Building Dashboards from SQL Queries
Every query result in the SQL Editor can become a chart or table on a dashboard. The workflow is simple:
DASHBOARD CREATION WORKFLOW
──────────────────────────────────────────────────────────────
Step 1: Write and run a SQL query in the SQL Editor
↓
Step 2: Click the "+" button next to the results table
Select chart type: Bar, Line, Pie, Area, Counter...
↓
Step 3: Configure chart: which column is the X axis,
which is the Y axis, grouping, colors, labels
↓
Step 4: Click "Add to Dashboard"
Select an existing dashboard or create new one
↓
Step 5: Arrange widgets on the dashboard by dragging
Add text boxes, images, or section headers
↓
Step 6: Set refresh schedule: every hour, daily, weekly
↓
Step 7: Share the dashboard link with your team
They see live, auto-refreshed charts without needing
to log into the SQL Editor themselves
Setting Up Alerts
Alerts monitor a query result and send a notification when a condition is met. You set up an alert once, and Databricks checks the condition on a schedule.
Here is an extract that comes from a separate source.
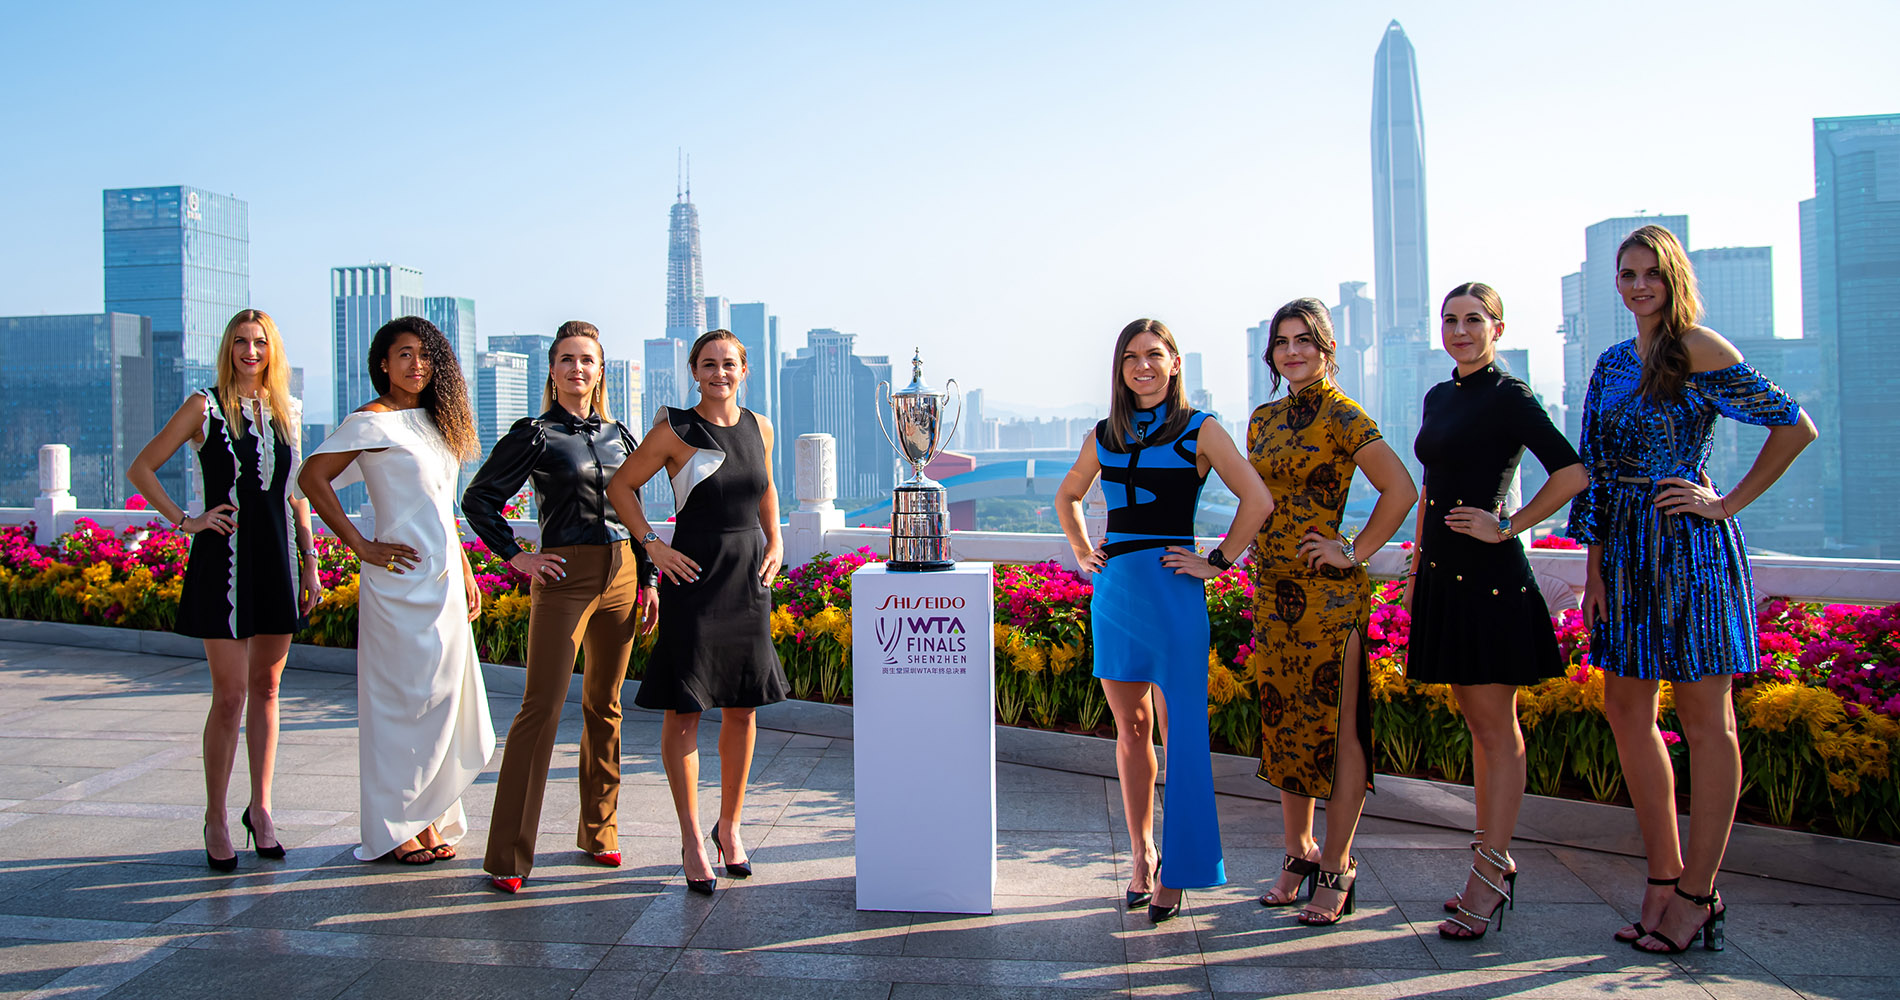 wta shenzhen 2019 - Finale WTA po novem v Mehiki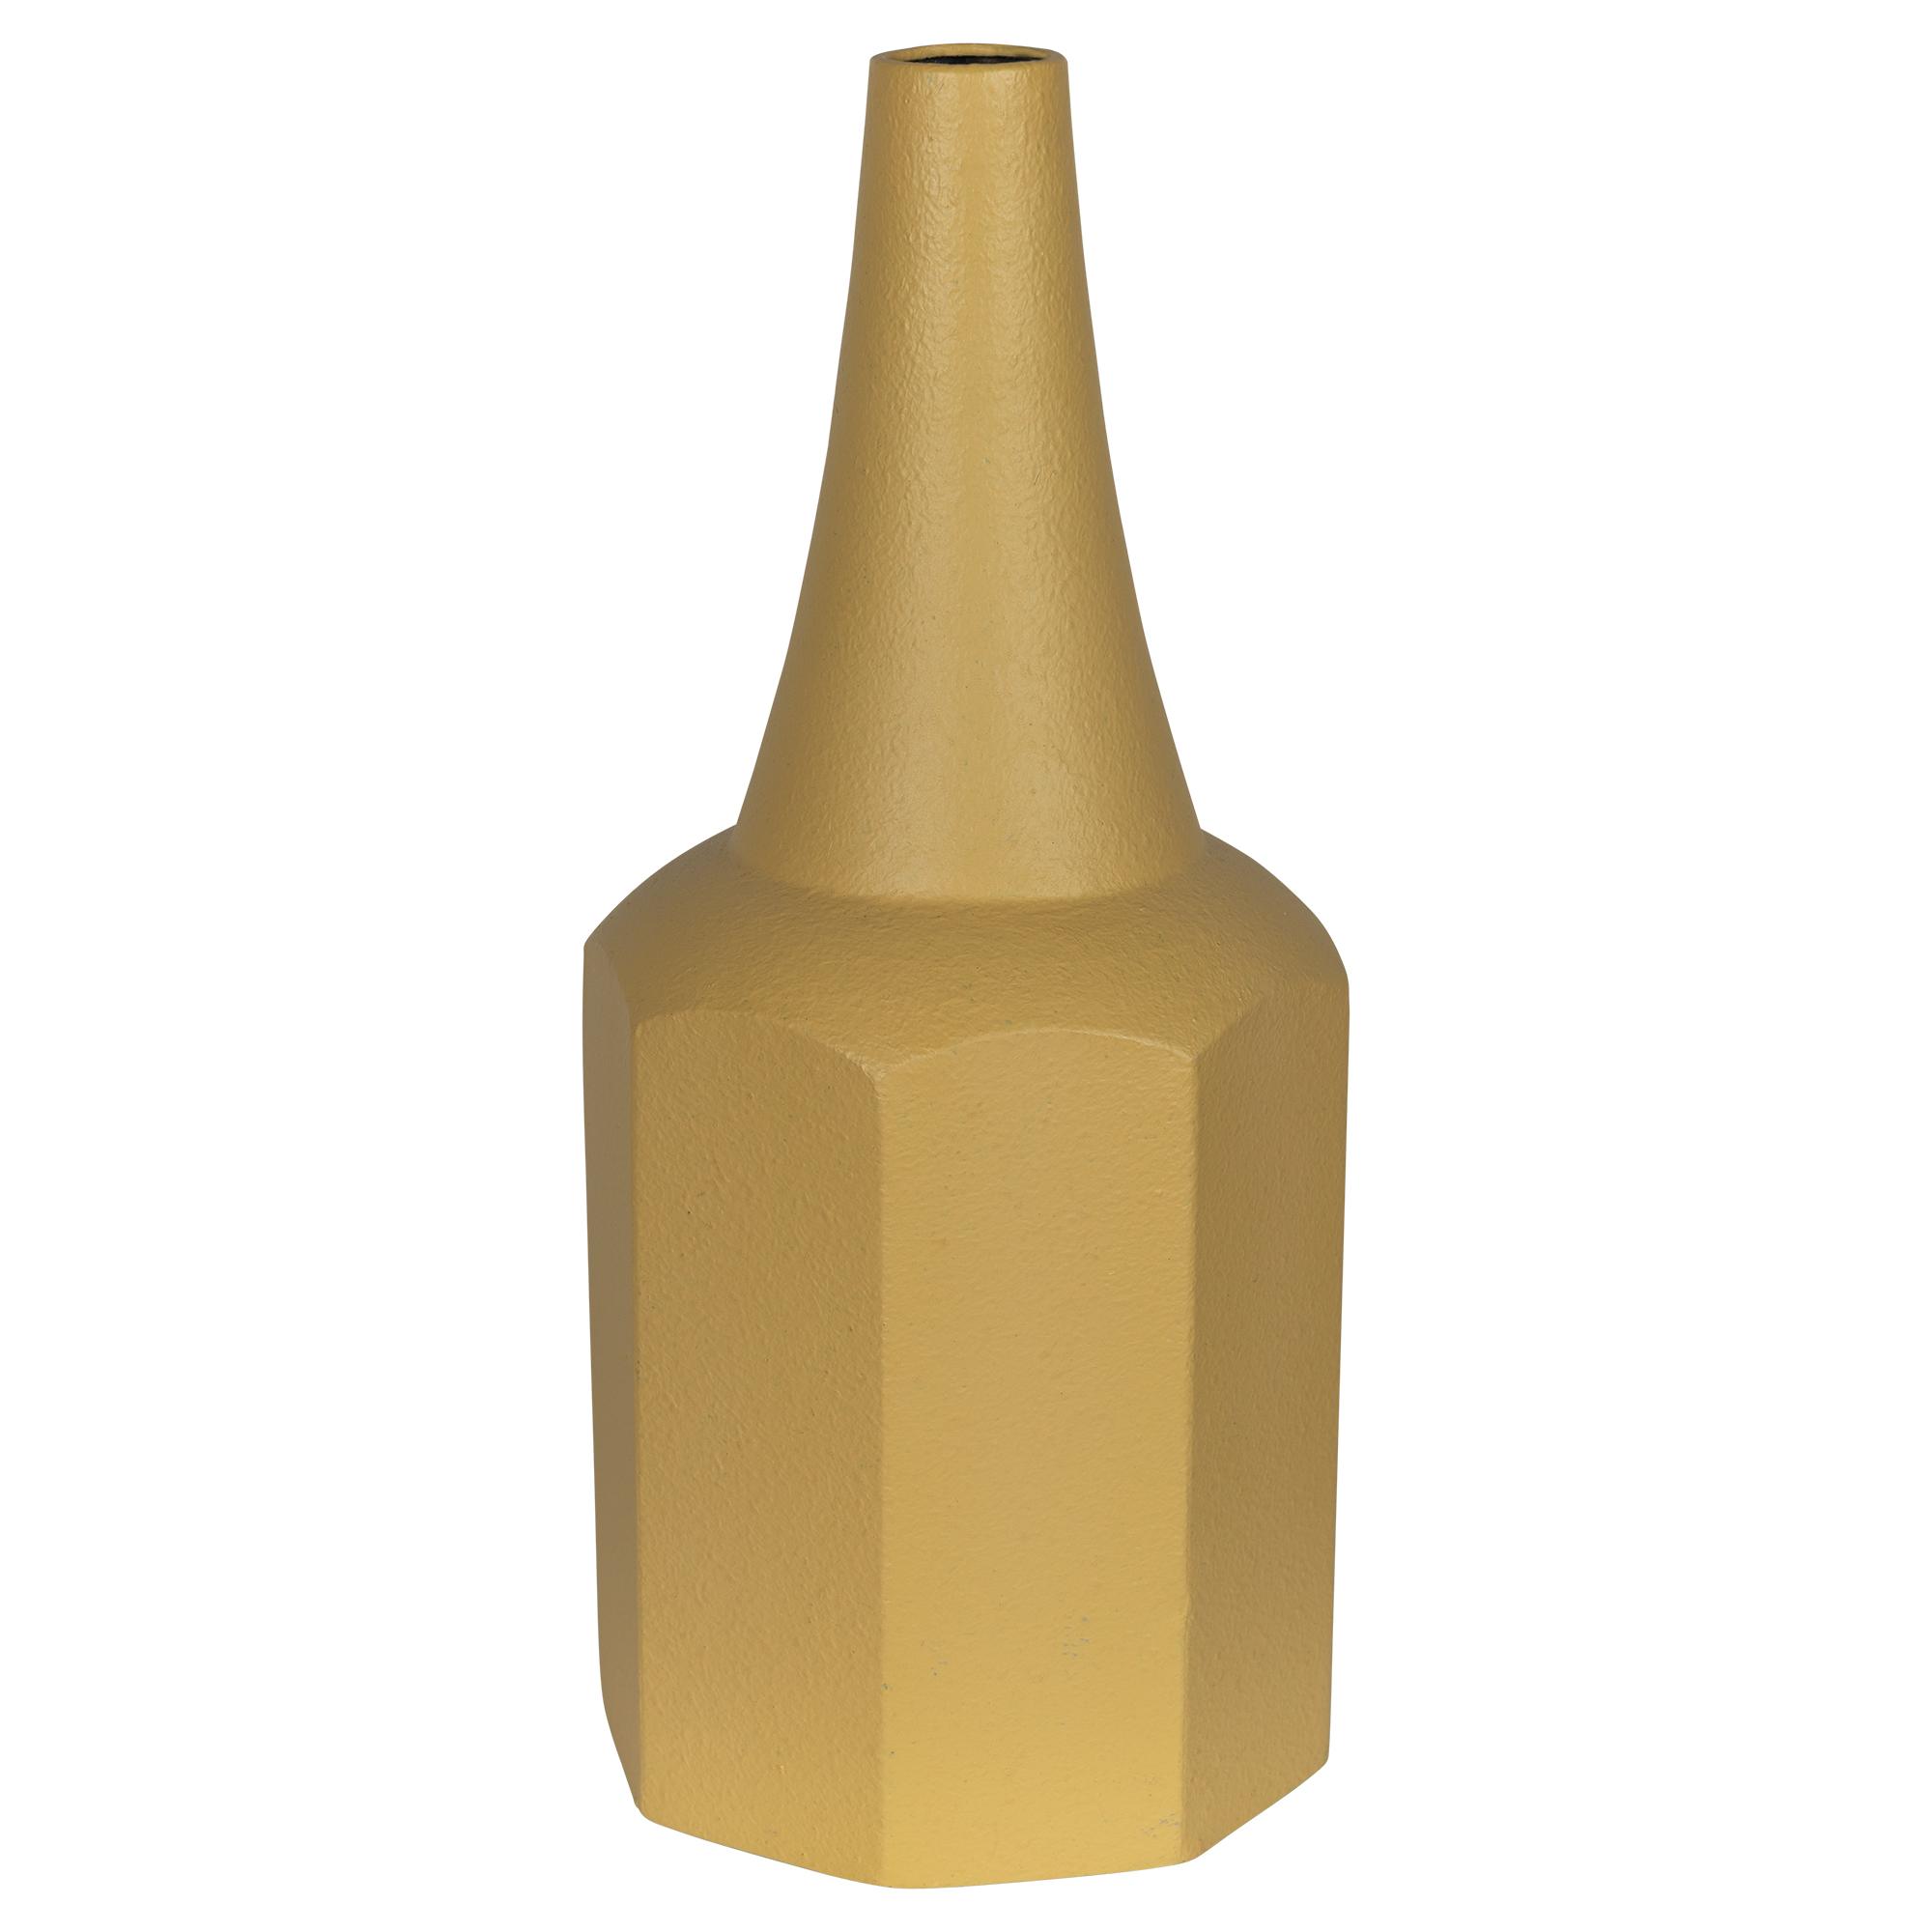 Stratton Home Decor Yellow Single Stem Vase

ALERT EXAMPLE: Detect Revenue Drop
──────────────────────────────────────────────────────────────
Query:
SELECT SUM(amount) AS today_revenue
FROM transactions
WHERE DATE(txn_date) = CURRENT_DATE()
Alert condition:
today_revenue < 100000
Notification:
Send email to: analytics-team@company.com
Message: "Daily revenue dropped below ₹1,00,000.
Check for data pipeline issues."
Schedule: Check every 30 minutes.
Alerts integrate with email, Slack, and PagerDuty. A data pipeline failure that stops new data from loading will trigger revenue alerts long before any human notices the dashboard shows stale data.
Key Points
- Databricks SQL provides a complete analytics environment: SQL editor, dashboard builder, alert system, and query history in one interface.
- SQL Warehouses power queries with Photon, a vectorized engine that processes thousands of rows at once and runs SQL up to 12 times faster than standard Spark.
- Serverless SQL Warehouses start in seconds and charge by the second, making them ideal for intermittent or unpredictable query workloads.
- CTEs make complex multi-step queries readable by naming each logical step clearly.
- Window functions enable ranking, running totals, and moving averages over related rows without subqueries.
- Views hide complex SQL logic behind simple table names; materialized views pre-compute results for instant query response.
- Query parameters make saved queries reusable for different inputs, turning a one-off query into a self-service report.
- Alerts monitor query results on a schedule and send notifications when metrics cross defined thresholds.